NTSB Identification: CEN11FA259
14 CFR Part 91: General Aviation
Accident occurred Friday, April 01, 2011 in Boulder, CO
Probable Cause Approval Date: 05/03/2012
Injuries: 1 Fatal.

NTSB investigators either traveled in support of this investigation or conducted a significant amount of investigative work without any travel, and used data obtained from various sources to prepare this aircraft accident report.
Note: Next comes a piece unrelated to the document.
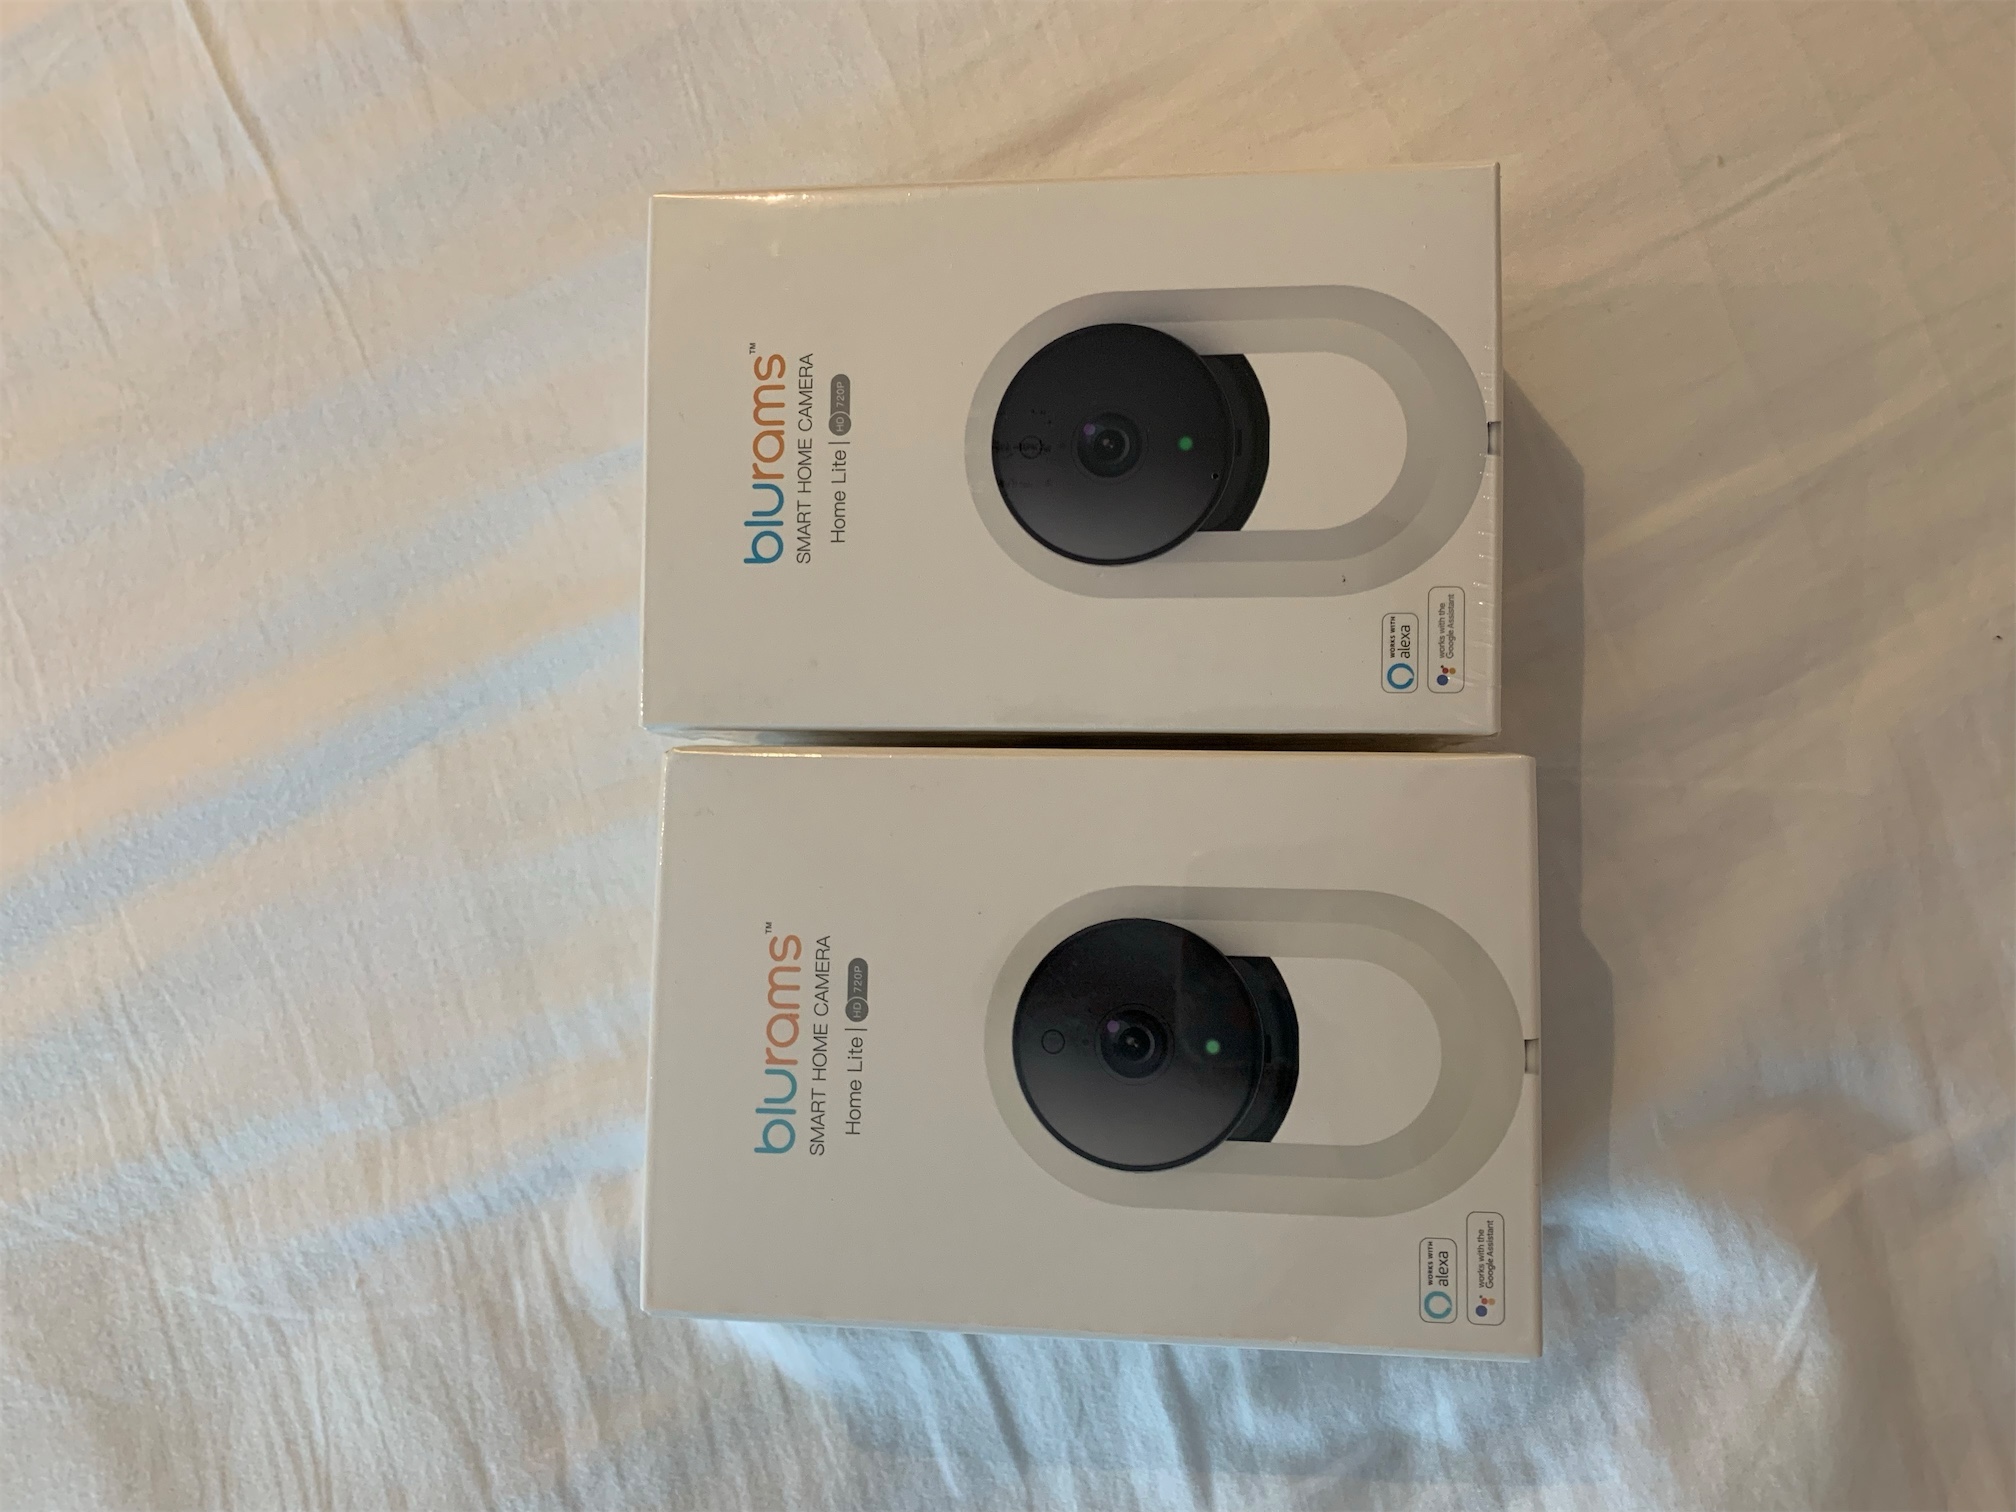 camaras y audio - Se venden dos Cámaras de Seguridad totalmente nuevas compatible con Alexa 0

Data obtained from an onboard tracking device depicted the glider maneuvering between 21,000 to 23,800 feet mean sea level (msl) before entering a spiral descent, which is consistent with a loss of control. Several eyewitnesses observed the glider descending in a steep spiral turn toward the ground. The glider collided with high voltage transmission wires and terrain in a sparsely wooded area. An examination of the wreckage did not reveal any preimpact anomalies with the glider. Testing of the glider’s oxygen bottle, regulator, and mask detected no anomalies that would have precluded normal operation of the oxygen system. A review of audio recordings revealed that the pilot’s radio transmissions did not have the muffled sounds normally associated with the use of an oxygen mask, suggesting that the pilot may not have been wearing the oxygen mask during a portion of the flight. According to Federal Aviation Administration guidance, on average, a pilot can operate at 22,000 feet msl for about 5 to 10 minutes before losing consciousness due to a lack of oxygen (hypoxia); the glider was above 22,000 feet msl for 13 minutes 36 seconds. Therefore, it is possible that the pilot became incapacitated due to hypoxia.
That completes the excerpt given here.